Sugar maple (Acer saccharum) exerts allelopathic effects on seedlings of yellow birch and decreases their growth ability. The inhibitory chemical is exuded from the roots of the sugar maple and has a very short soil half-life, it no longer has effects on birch after 5 days.

==Conservation==
It is listed as endangered in Illinois. Globally, the species is considered to be of "least concern" by the International Union for Conservation of Nature.

==Uses==
Yellow birch is considered the most important species of birch for lumber and is the most important hardwood lumber tree in eastern Canada; as such, the wood of B. alleghaniensis is extensively used for flooring, furniture, doors, veneer, cabinetry, gun stocks and toothpicks. It was once popular for wagon wheels. Most wood sold as birch in North America is from this tree. Its wood is relatively strong, close grained, and heavy. The wood varies in color from reddish brown to creamy white and accepts stain and can be worked to a high polish. Like most birches, yellow birch wood rots quickly due to its tendency to trap moisture. The cellulose from rotting birch logs was collected by Native Americans and used as a quick fire starter.
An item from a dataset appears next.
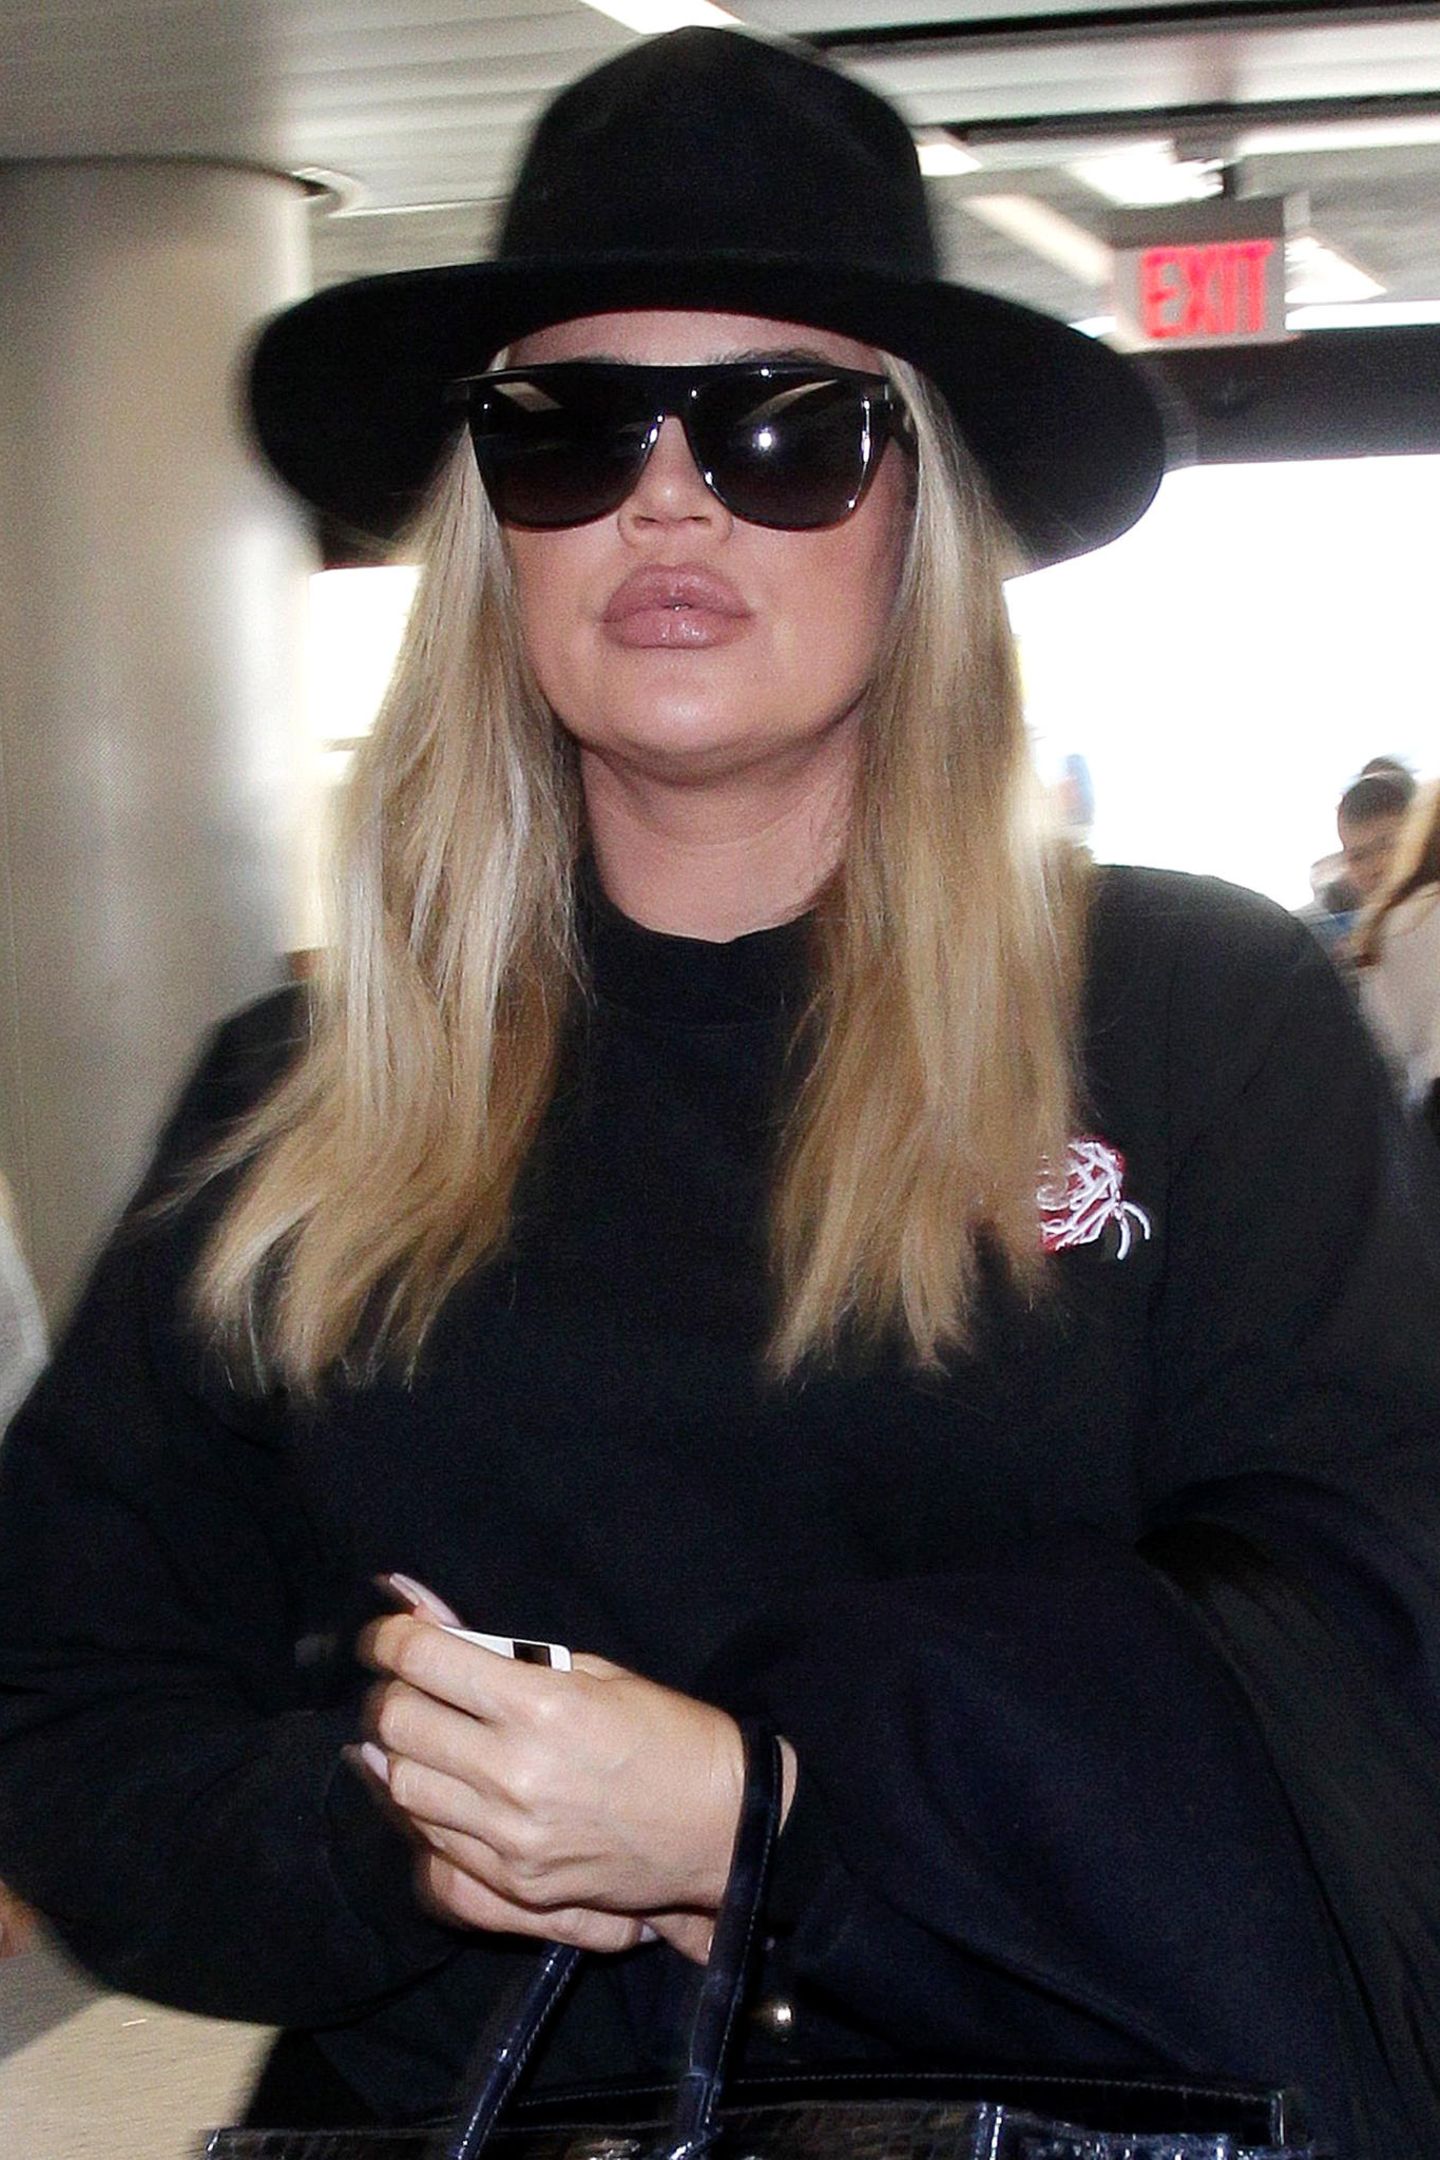 Anfang 2018 ist Khloé Kardashian plötzlich mit sehr voluminösen Lippen unterwegs. Auch wenn sie versucht, möglichst unerkannt zu reisen, fällt der Mund doch sehr auf. Dafür hat sie einige Monate später jedoch eine "Erklärung".

In the past, yellow birch has been used for distilling wood alcohol, acetate of lime and for tar and oils. Oil of wintergreen can be distilled from the bark.

The papery, shredded bark, is very flammable due to its oil content and can be peeled off and used as a fire starter even in wet conditions.

Yellow birch can be tapped for syrup similarly to sugar maple, and although the sap has less sugar content, it flows in greater quantity than sugar maple. When the sap is boiled down, the wintergreen evaporates and leaves a syrup not unlike maple syrup. The sap can also be used as is in birch syrup or may be flavored. Tea can also be made from the twigs and inner bark.

===Native American ethnobotany===
Yellow birch has been used medicinally by Native Americans as a blood purifier and for other uses. The Ojibwe make a compound decoction from the inner bark and take it as a diuretic. They also make use of Betula alleghaniensis var. alleghaniensis, taking of the bark for internal blood diseases, and mixing its sap and maple sap used for a pleasant beverage. They use the bark of var. alleghaniensis to build dwellings, lodges, canoes, storage containers, sap dishes, rice baskets, buckets, trays and dishes and place on coffins when burying the dead.

==In culture==
Betula alleghaniensis is the provincial tree of Quebec, where it is commonly called merisier, a name which in France is used for the wild cherry.